// 輪廻

 僕は何百回も死んでいる。 今は生きているけど、何千回も死んでいる。 たしかそんな童話があったような気がするが 読んだことはないので知らない。 けれど普通の死とは確実に意味が違うもっと浅いものだ。 人は死にとても必死になる。 どんなに無関心であろうと、確実に本能は何かに囚われる。
 僕はその人間の美しい死が酷く好きだ。 僕みたいに安易なシロモノじゃないそれが好きだ。 ああやって死ねれたらいいのにと思う。 でも死ねない。 難しい。
 いっそ人になれればいいのに、と思う。 人じゃなくても良い。 なんでもいいからなってみたい。 死を恐れたりできるものに。
 あ。
 もう時間だ。 今日はやけに早い。 真面目にやらなかったせいか。 また記録更新しちゃうじゃないか。 僕はまだ話したいのに。 まあいいや。 また今度はなそう。
 僕の中のものがきりきり止まる音。
「あ、止まっちゃった。廻さなきゃ」
 きりきり、きりきり。
「ようし、動いた」
 きりきり、僕の中のものが動き始める音。 僕は目を覚ます。
 やあ、こんにちは。 僕は螺子巻き玩具。 僕は何百回も死んでいる。 ところで君は誰だい? どうやら僕を知っているようだけど。
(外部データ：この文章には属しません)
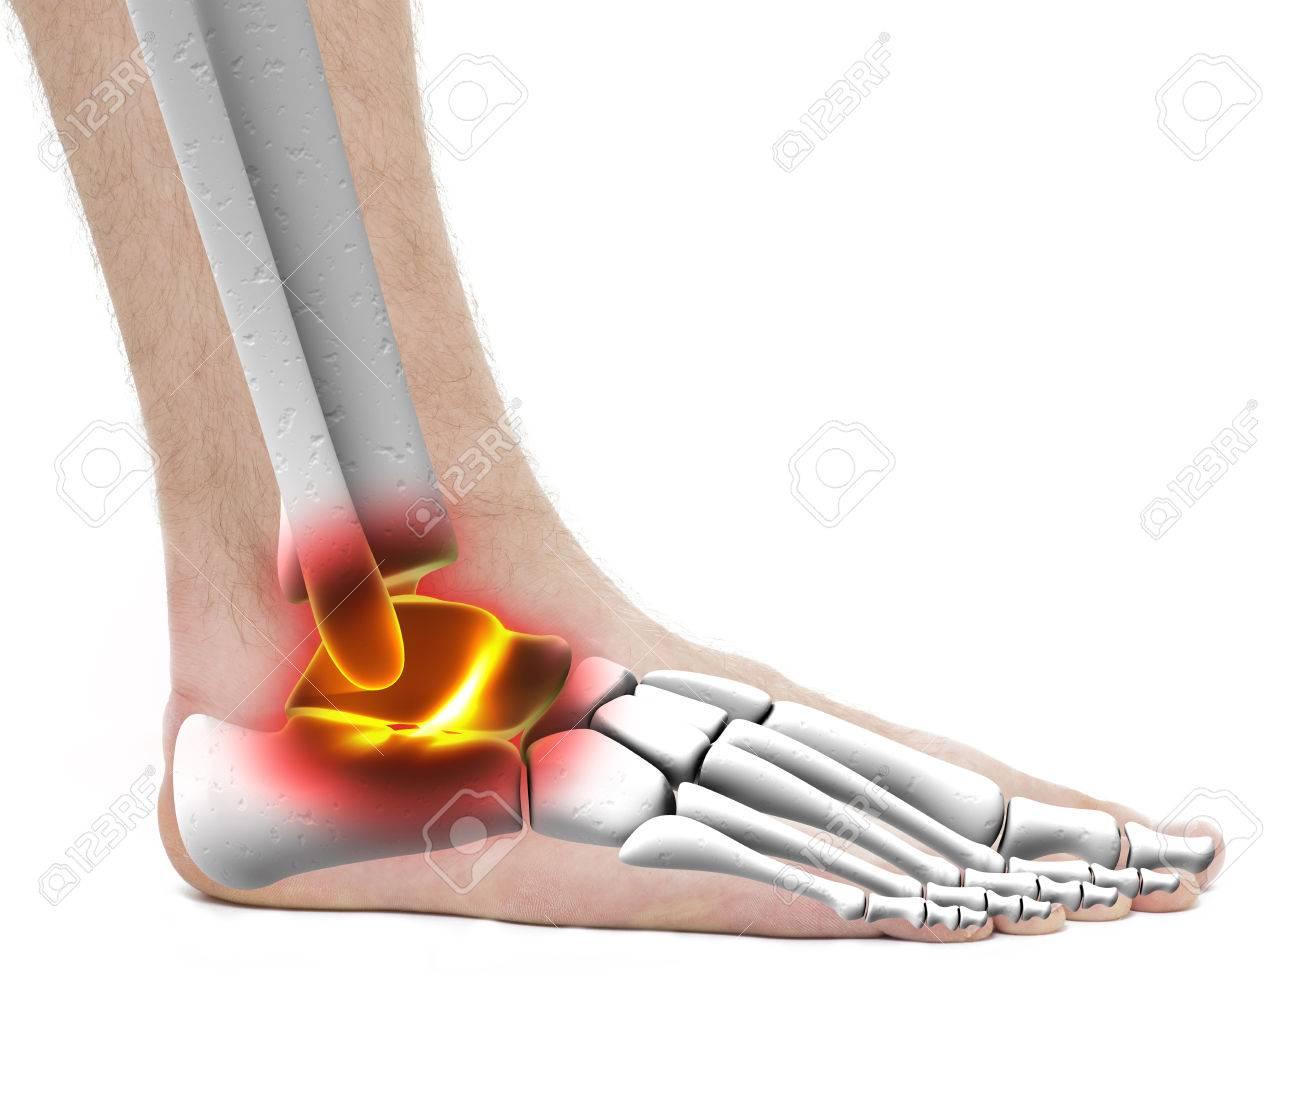 Ankle Pain Injury Anatomy Male Studio Photo Isolated On White

 まあいいや。 僕は何百回も死んでいるけど、僕は死にたくない。 何故なら僕は生きているから。 人間みたいに死ななくてもいい。 今の死には充分満足している。 あれ、こまったな止まりそうだ。 やけに短い。 死にたくないのに。 僕はもっともっと生き
「ああ、もう。これだから古い玩具は」
 きりきり、きりきり。
 ぱちり、と目を覚ます。 こんにちは!  私は螺子巻き玩具。 何百回も死んでいるの。